Task details: Where the line containing "Columbia Women's Tolt" appears, begin retyping; continue exactly through the final line of the data. Omit every picture.
===== Provided data =====
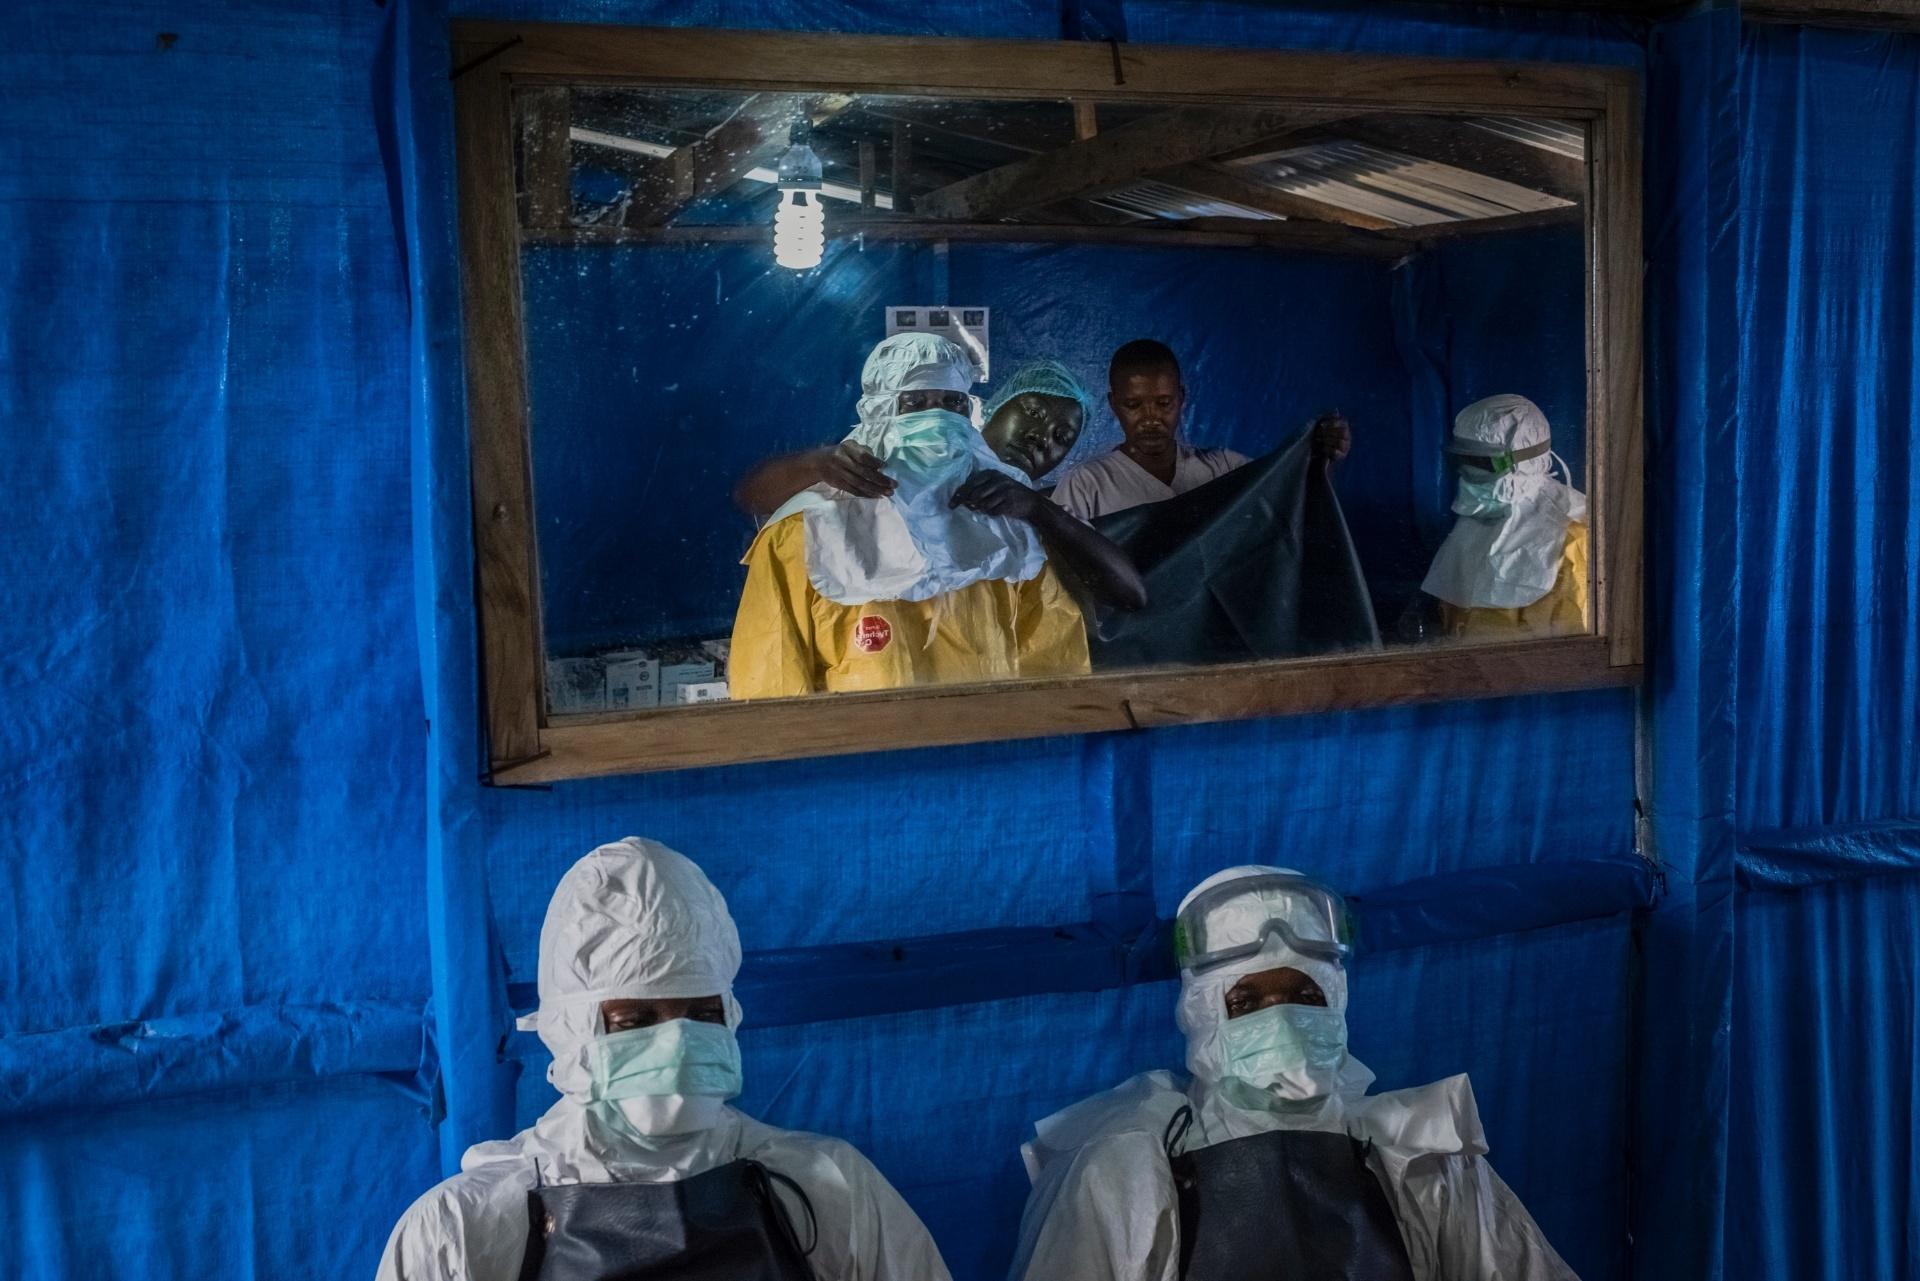 Enfermeiros recebem ajuda para colocar roupas protetoras antes de entrar na área de alto risco onde são tratados doentes com ebola na Unidade de Tratamento de Ebola no Condado de Bong em Sgt. Kollie Tow, na Libéria
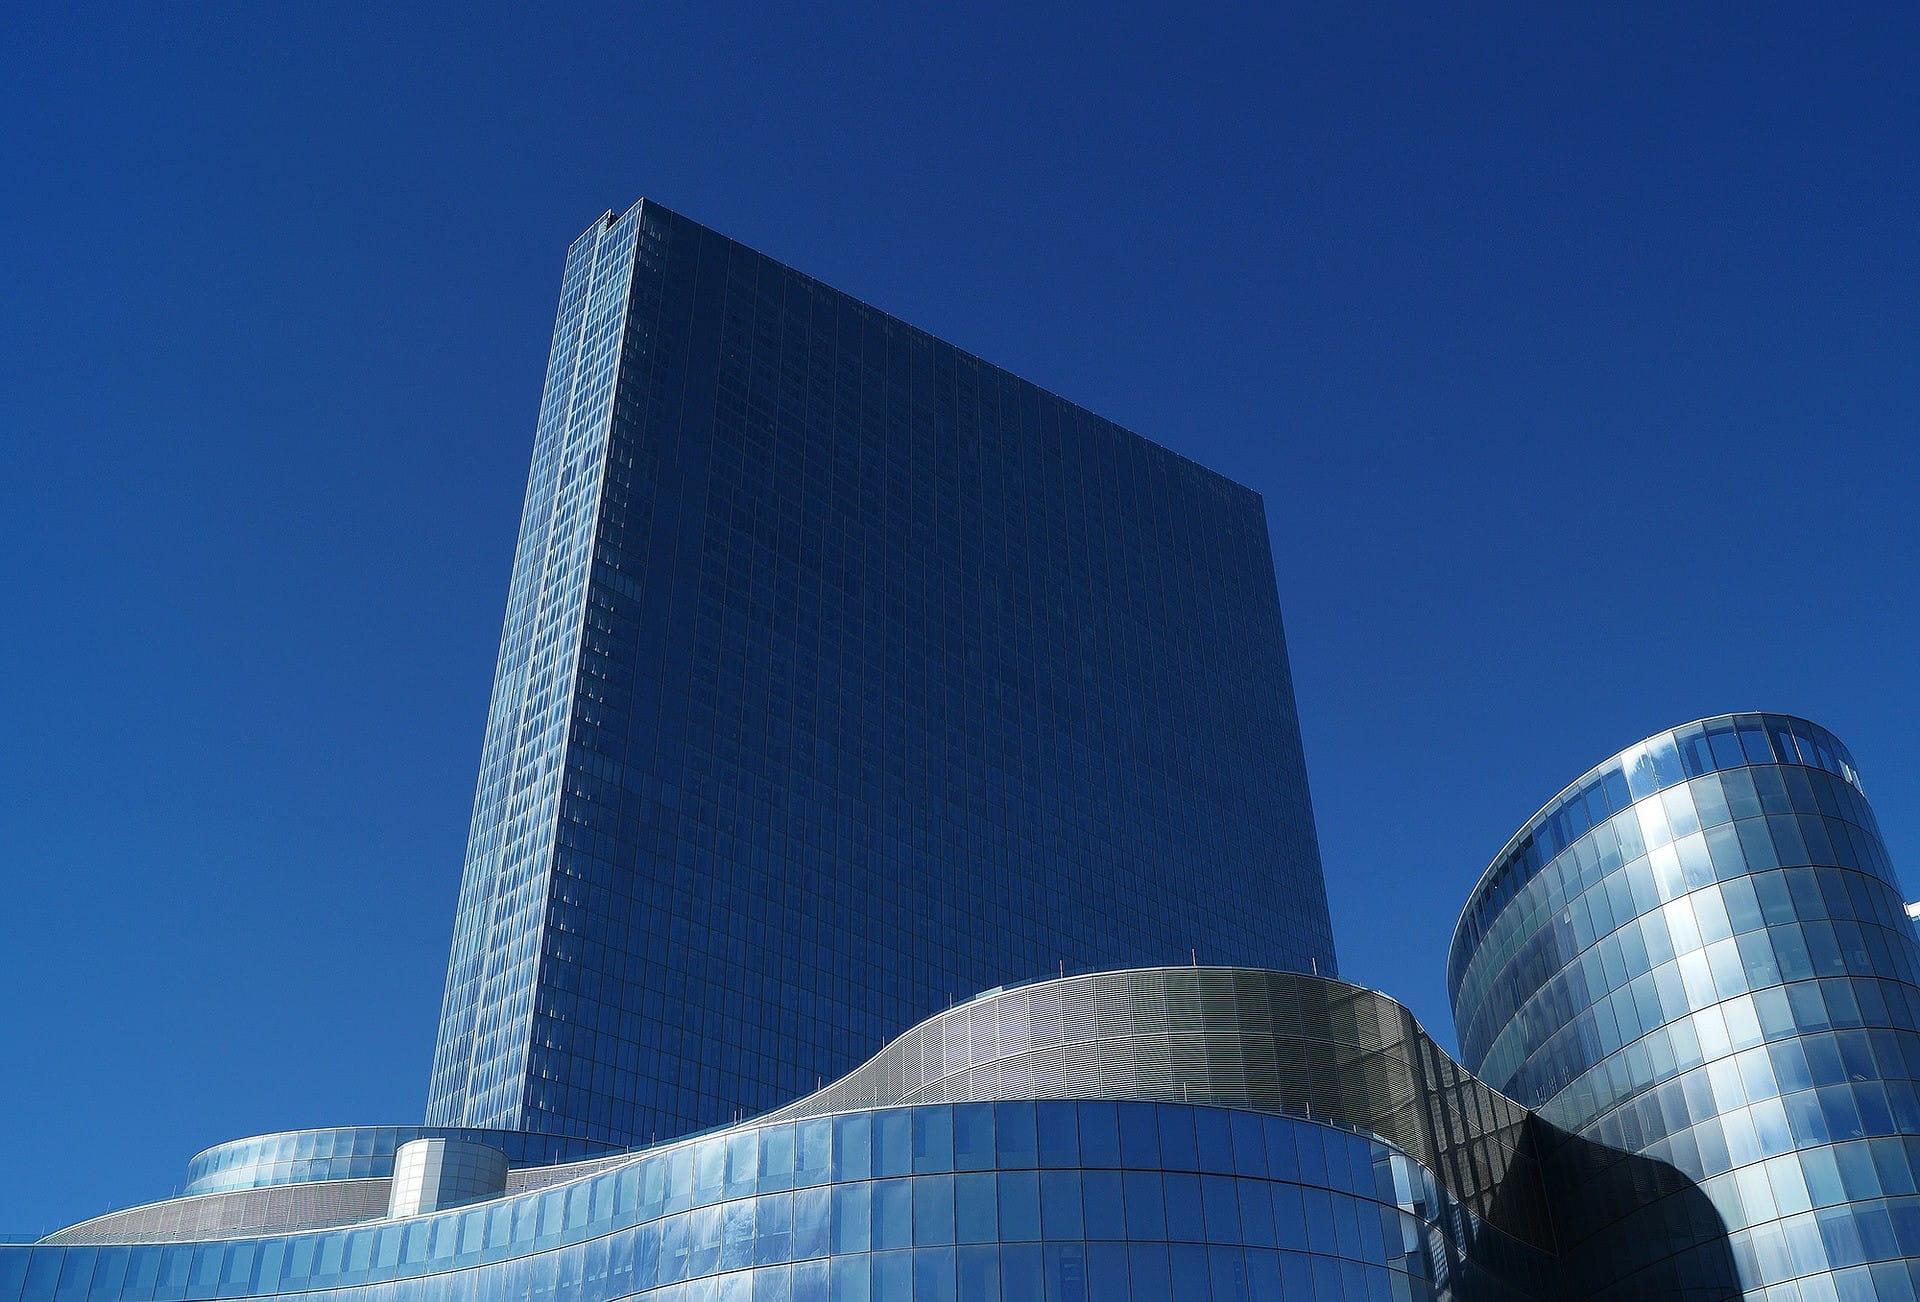 Sebuah bangunan modern khas Atlantic City, New Jersey.
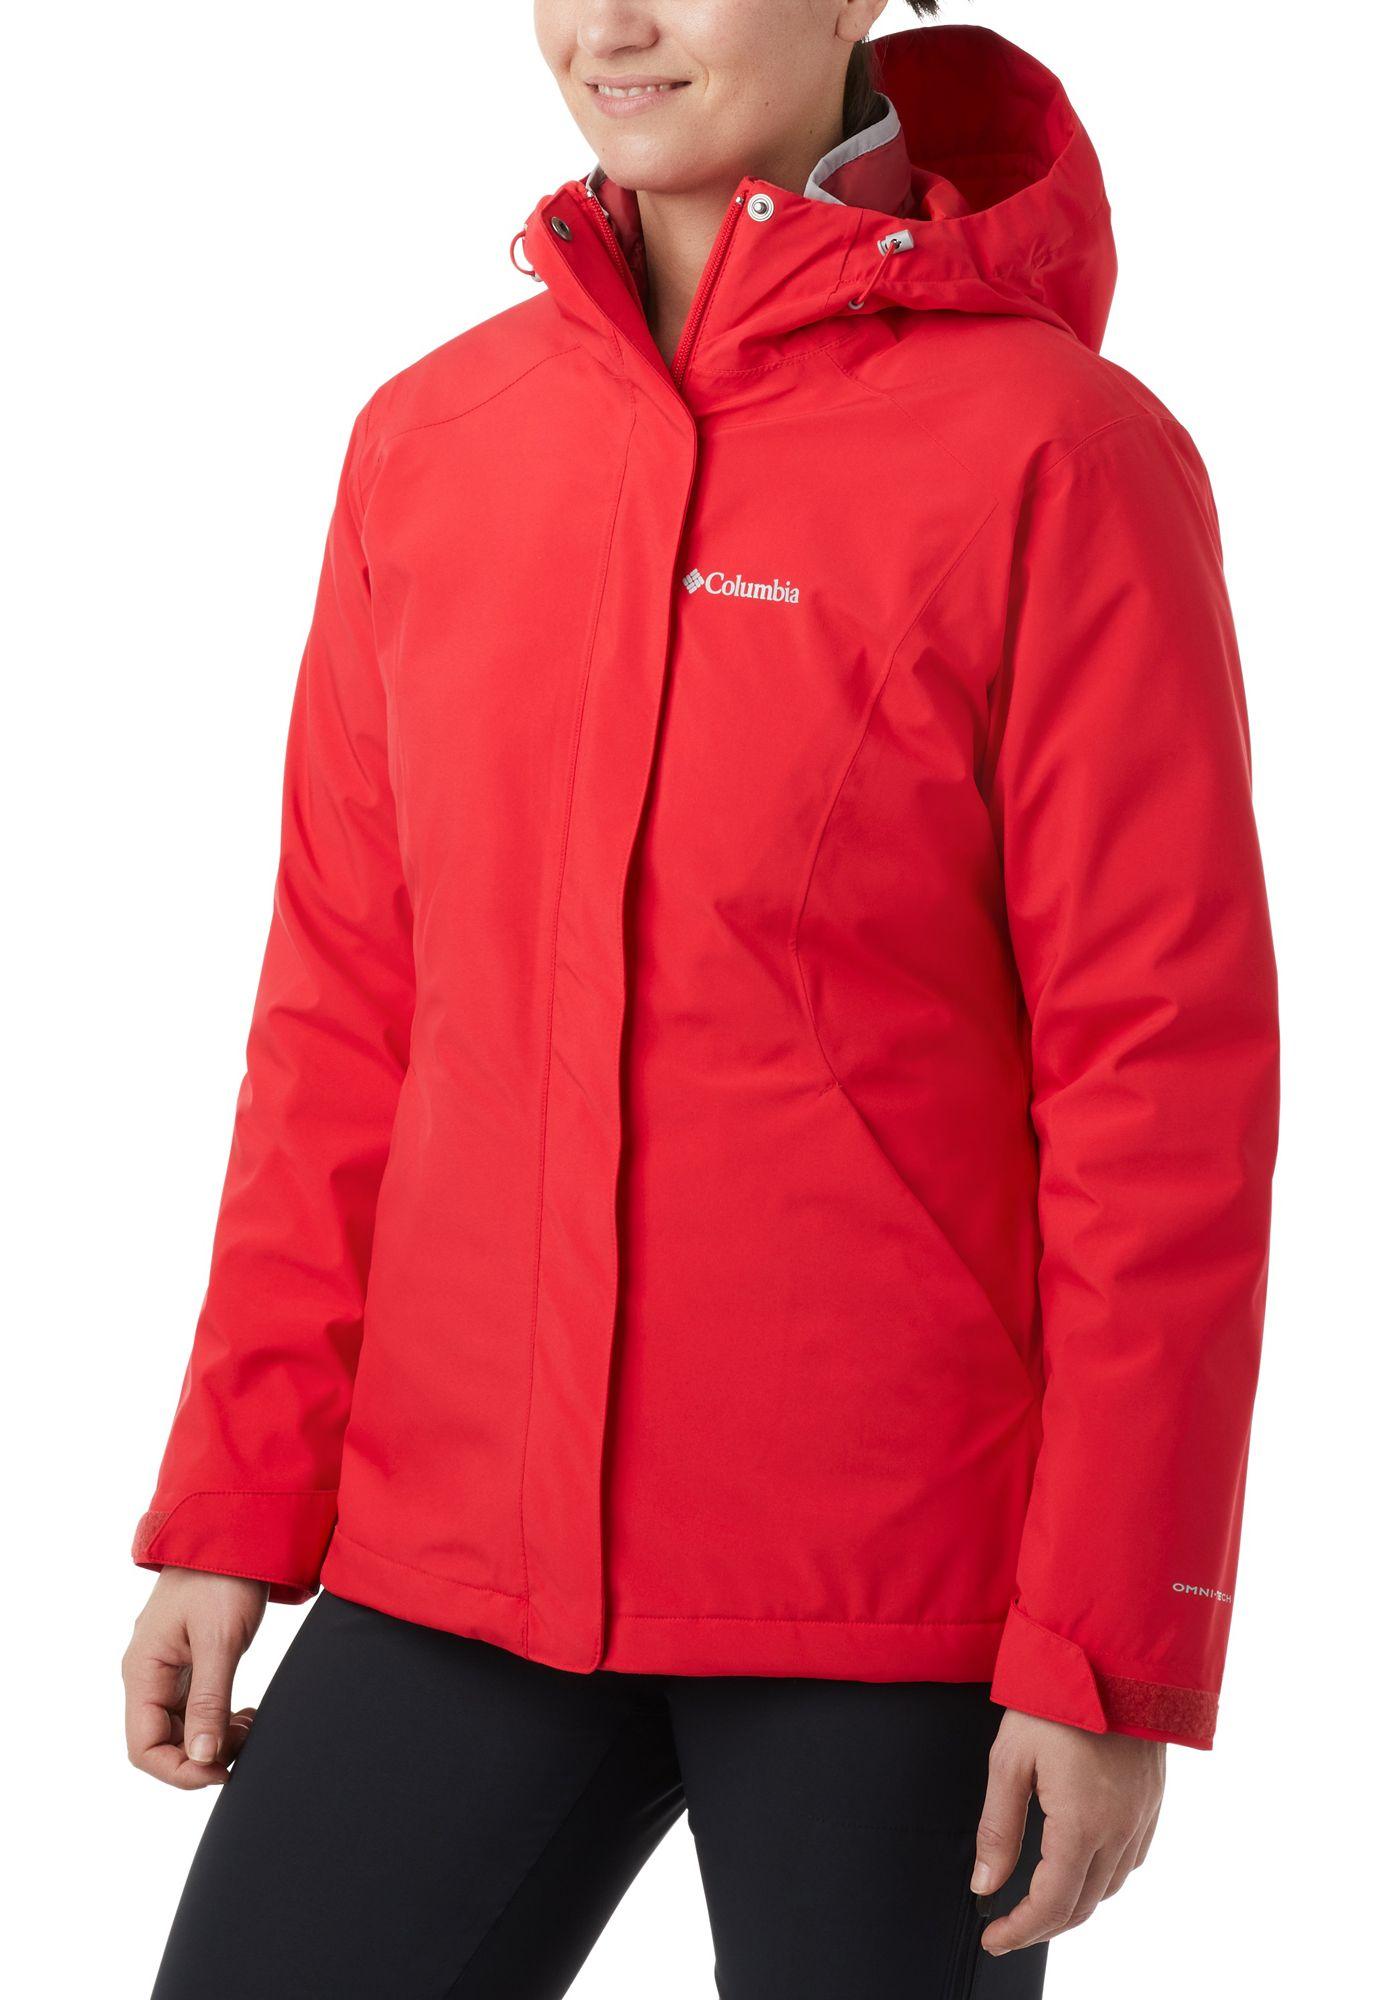 Columbia Women's Tolt Track Interchange Jacket
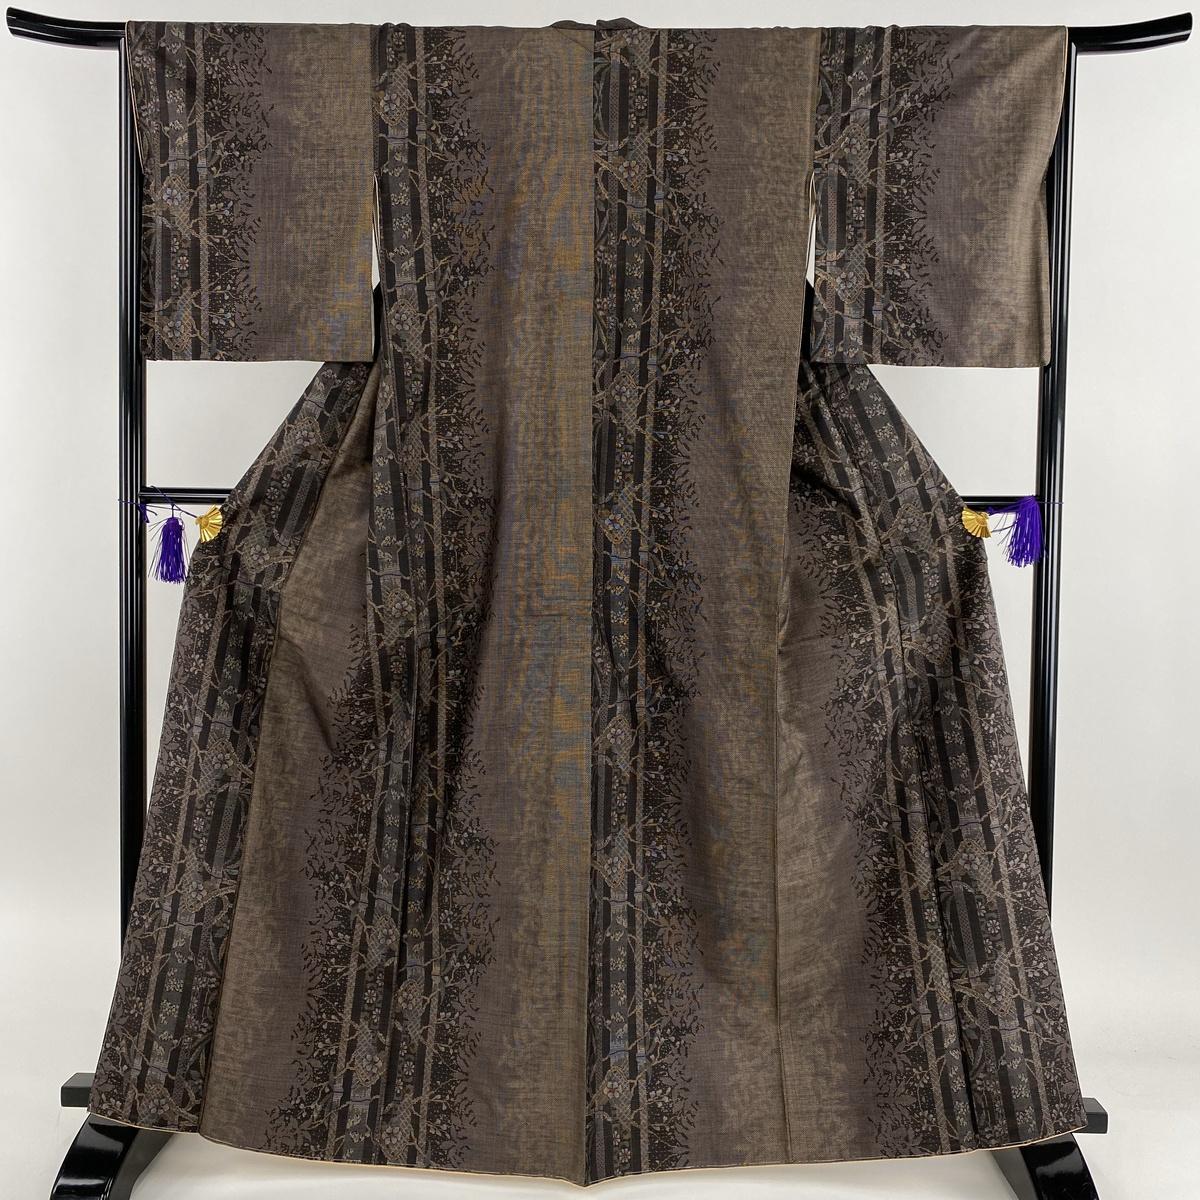 大島紬 美品 名品 草花 縦縞 カタス式 茶紫 袷 身丈165cm 裄丈66cm M 正絹 【中古】
=====
Result for this task:
 Columbia Women's Tolt Track Interchange Jacket
 大島紬 美品 名品 草花 縦縞 カタス式 茶紫 袷 身丈165cm 裄丈66cm M 正絹 【中古】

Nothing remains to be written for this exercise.